Introduction: Two Course Gluten Free Meal
We had a mellow eve yesterday and had some fun with dinner! It was a nice mix between a fresh, light summer dish and a heavier comfort food classic. Below are the recipes for the raw salmon and gluten-free lasagna dishes.
Step 1: Fresh Wild King Salmon, Avocado, and Bell Pepper
1 raw fillet of wild king salmon, cut into large cubes
1 avocado sliced
1 sweet red bell pepper sliced in rings
1 beet raw thinly shaved
Step 2: Cut and Serve
Treat sliced avocados with lime and arrange on bottom of the plate. Add a couple slices of the bell pepper, then add salmon. Garnish with a squeeze of lime, a pinch of paprika, and raw beet shaves. Serve cold.
Step 3: Lasagna
2 Tbs olive oil
4 lbs yellow heirloom tomatoes
1 white onion, sliced
1 fennel bulb, sliced
3 cloves garlic, minced
4 quarts chicken stock
salt and pepper to taste
Start by removing the stems on the tomatoes and placing them in a roasting pan. Place in oven and roast at 500*F until caramelized, approximately 15 min depending on the size. Saute the onion and fennel in a large pot until golden brown then add garlic, chicken stock, and whole roasted heirloom tomatoes. Puree together and heat until warm.

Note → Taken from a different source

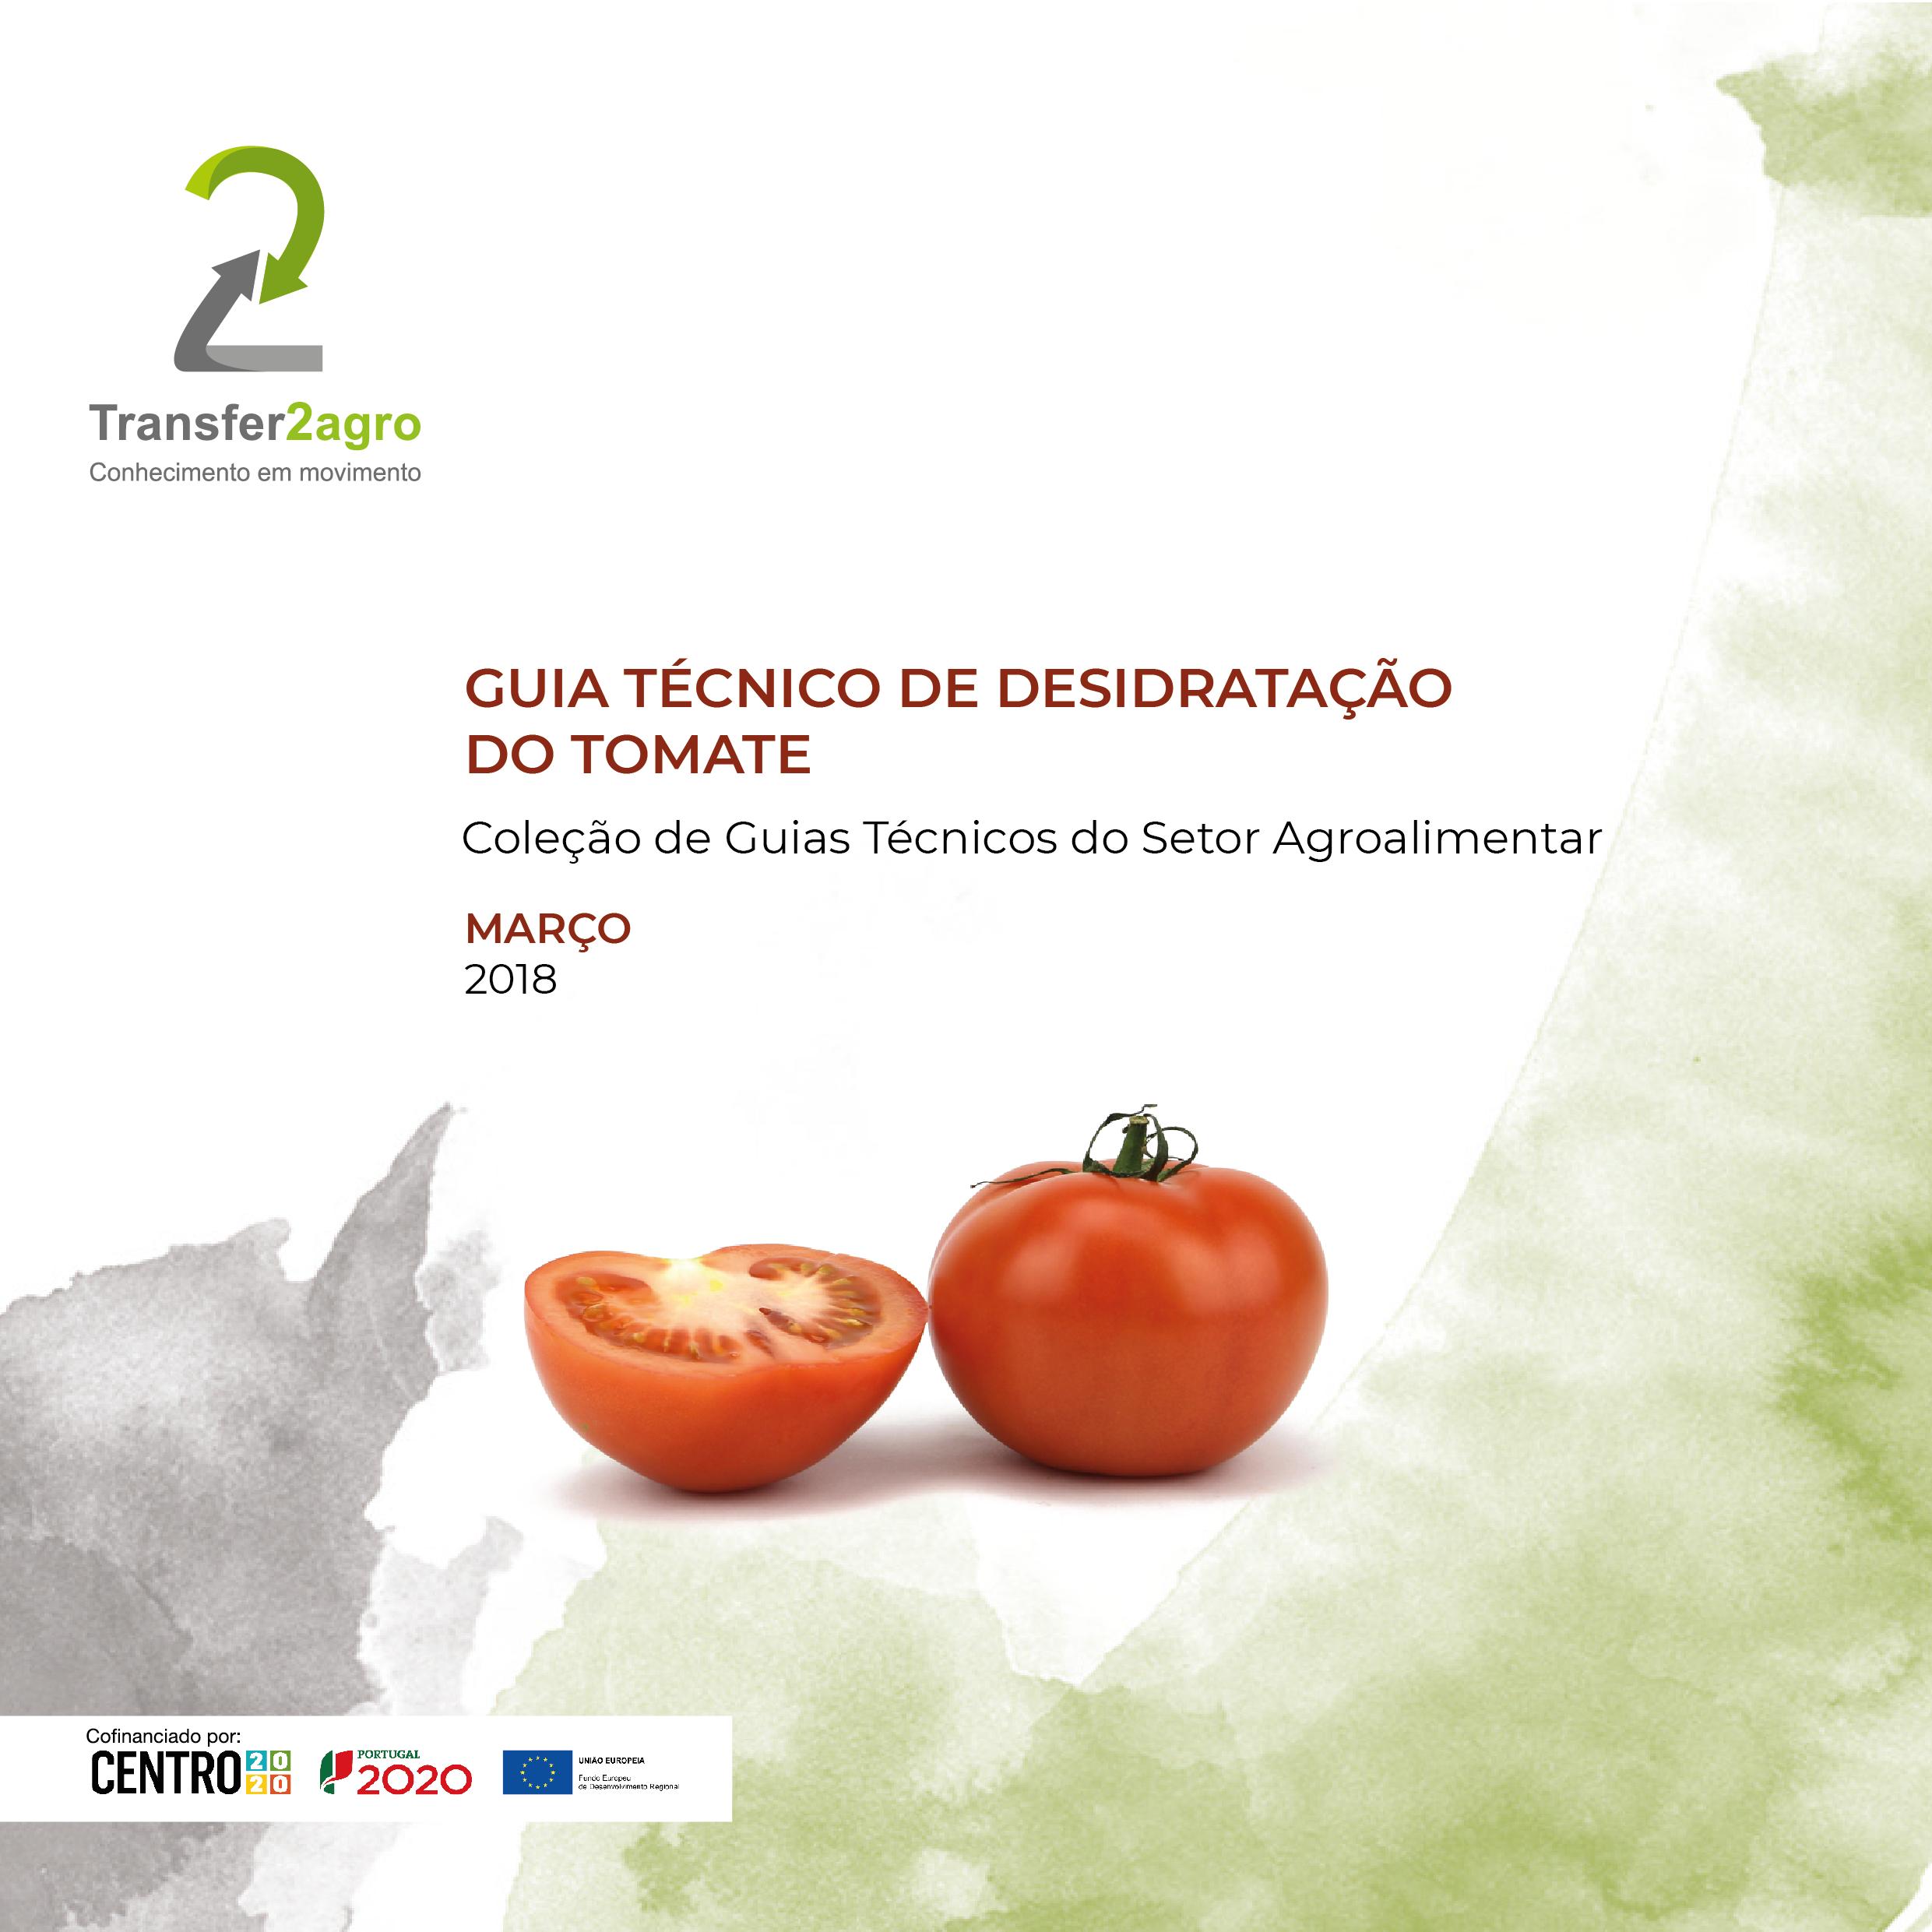 Guia Técnico de Desidratação de Tomate

2 bunches of garden herbs, finely chopped
1 lb mozzarella
Gluten-Free brown rice pasta sheets
Preheat oven to 350*. In a separate 12-inch pan whisk together 6 eggs and herbs over low heat, stirring constantly, until almost set. Turn off heat and cover eggs so that they form one sheet in the pan. (Make sure it’s non-stick!) Once the eggs are set, remove from pan and slice in 3 large sections, same width as the lasagna pasta sheets. In a baking dish start layering with the uncooked pasta sheets. (The hot sauce and time in the oven will cook them!) Place a layers of ingredients on top of the pasta sheets as follows: sauce, mozzarella, all of the egg, pasta sheets, sauce, fresh arugula, mozzarella. Place in the oven at 350* for about 30 min. Let cool and garnish with herbs, parmesan, wildflowers, or all three!